## Instructions for the task
When you write out the listing below, keep each word exactly as it stands and drop the pictures.

## Dataset excerpt
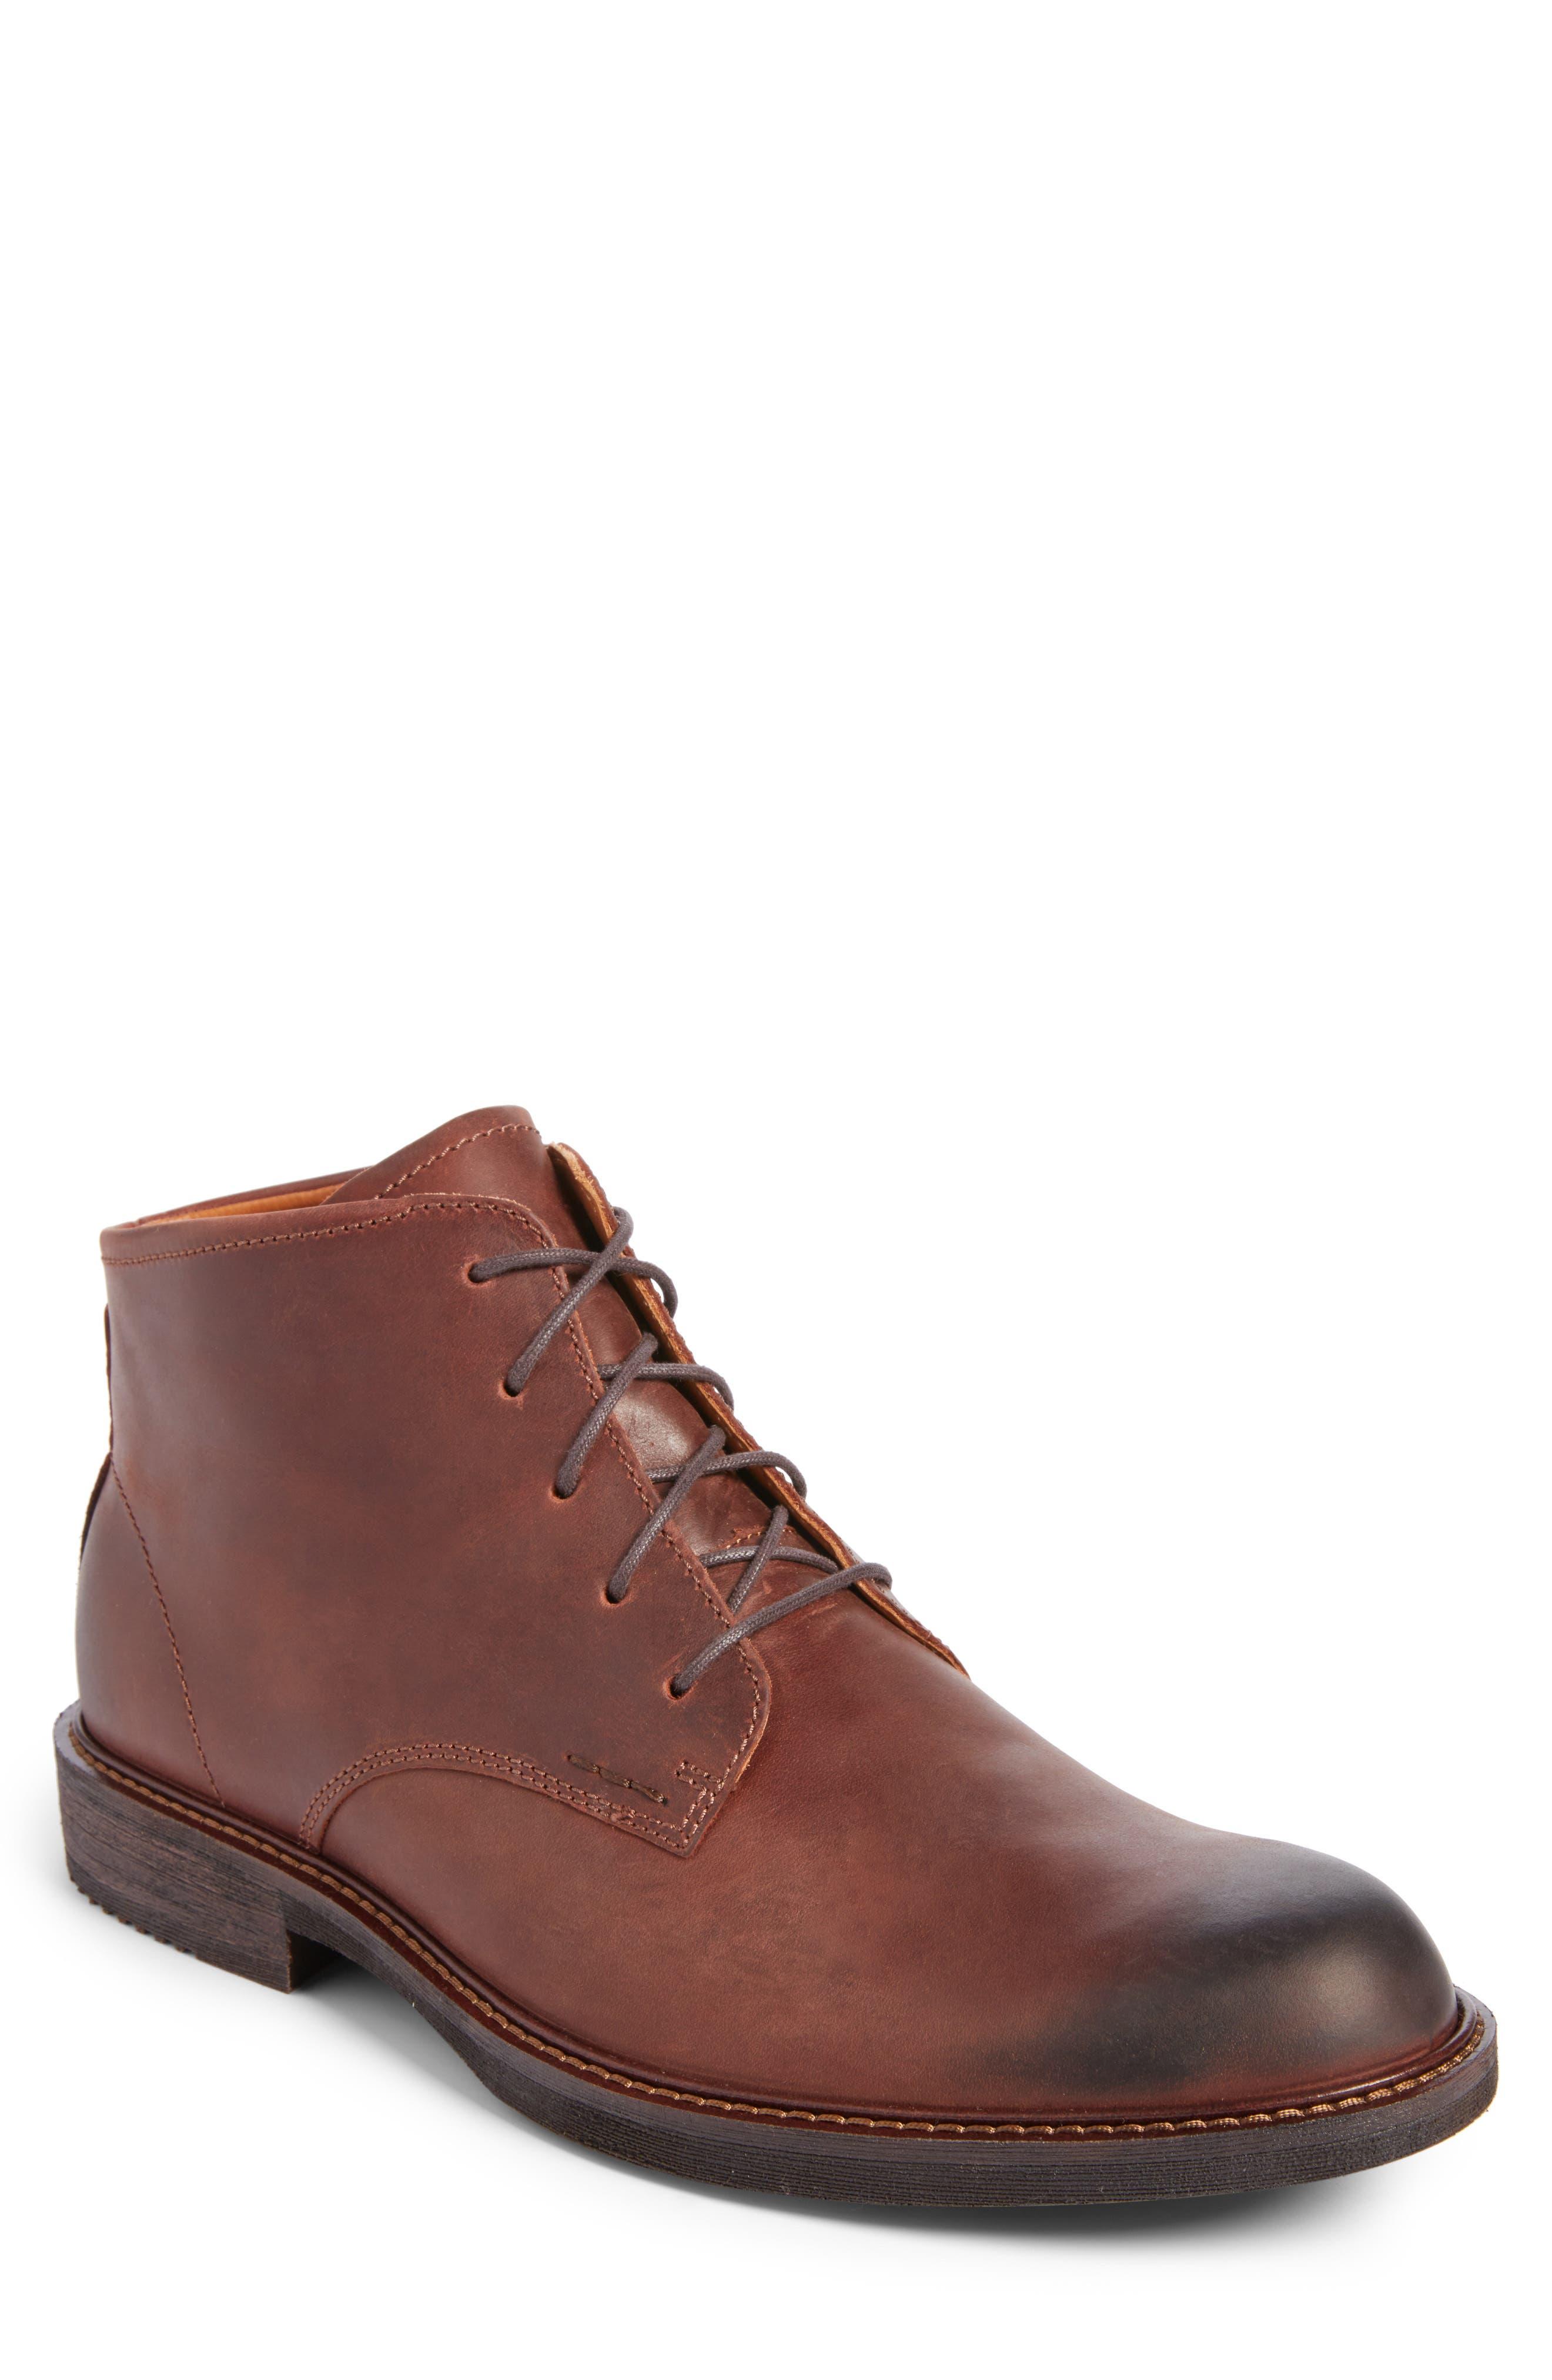 Main Image - ECCO 'Kenton' Plain Toe Boot (Men)
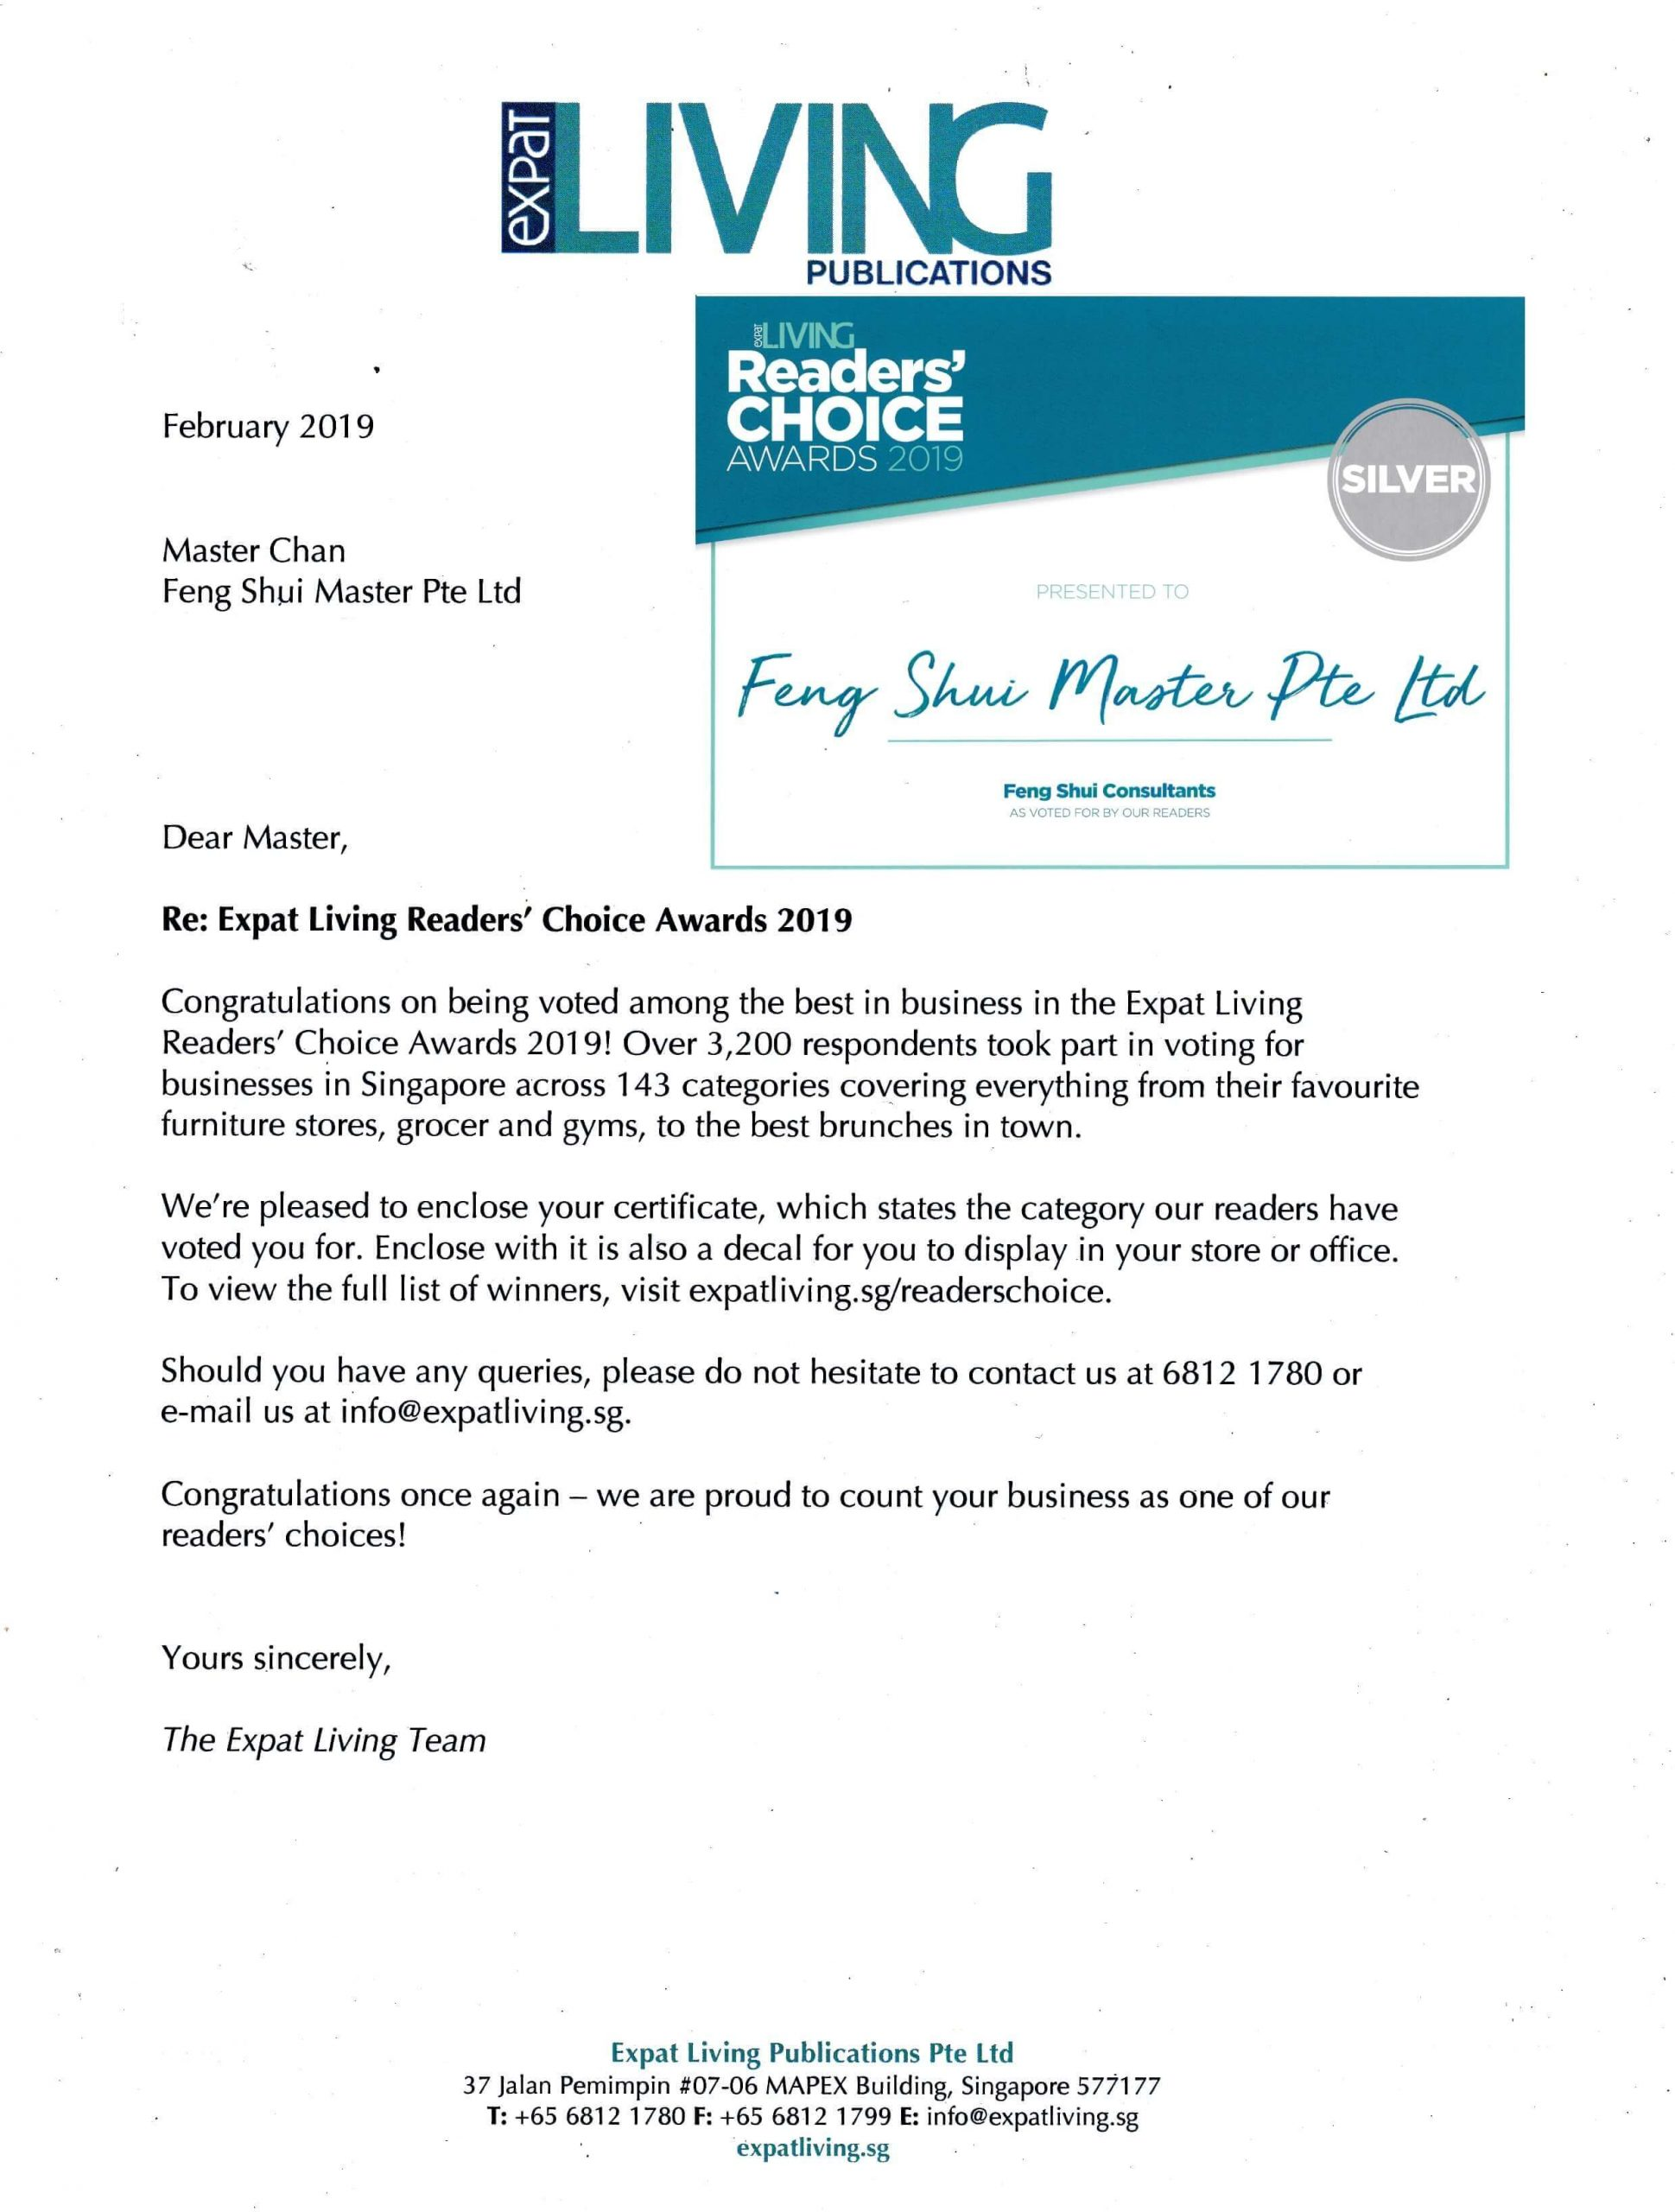 feng shui master expat living award
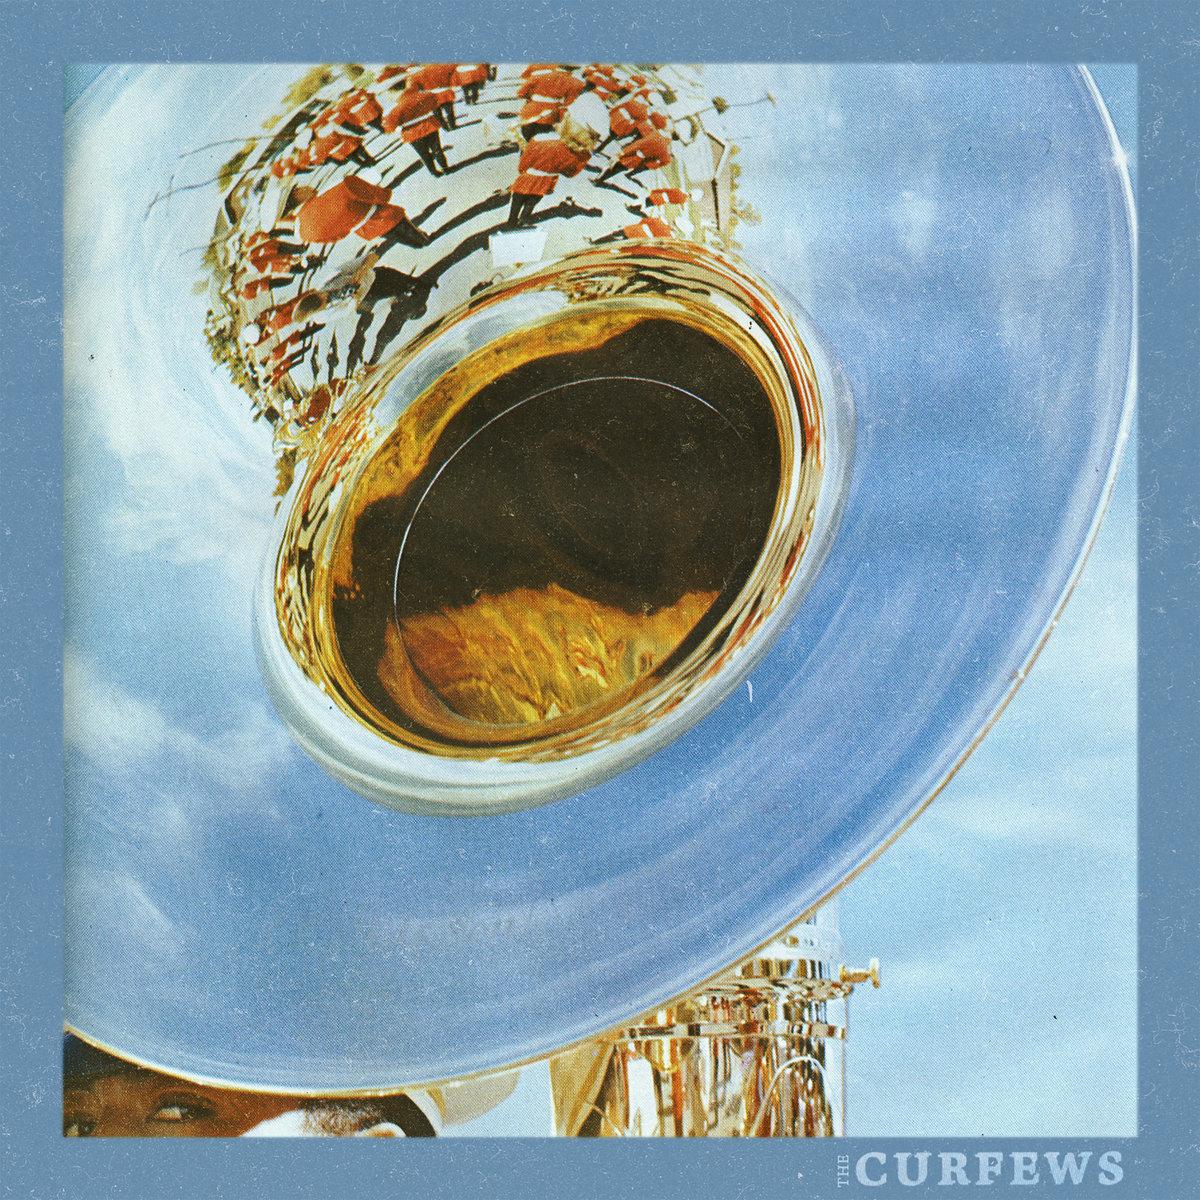 The Curfews – EP

## Your response
 Main Image - ECCO 'Kenton' Plain Toe Boot (Men)
 feng shui master expat living award
 The Curfews – EP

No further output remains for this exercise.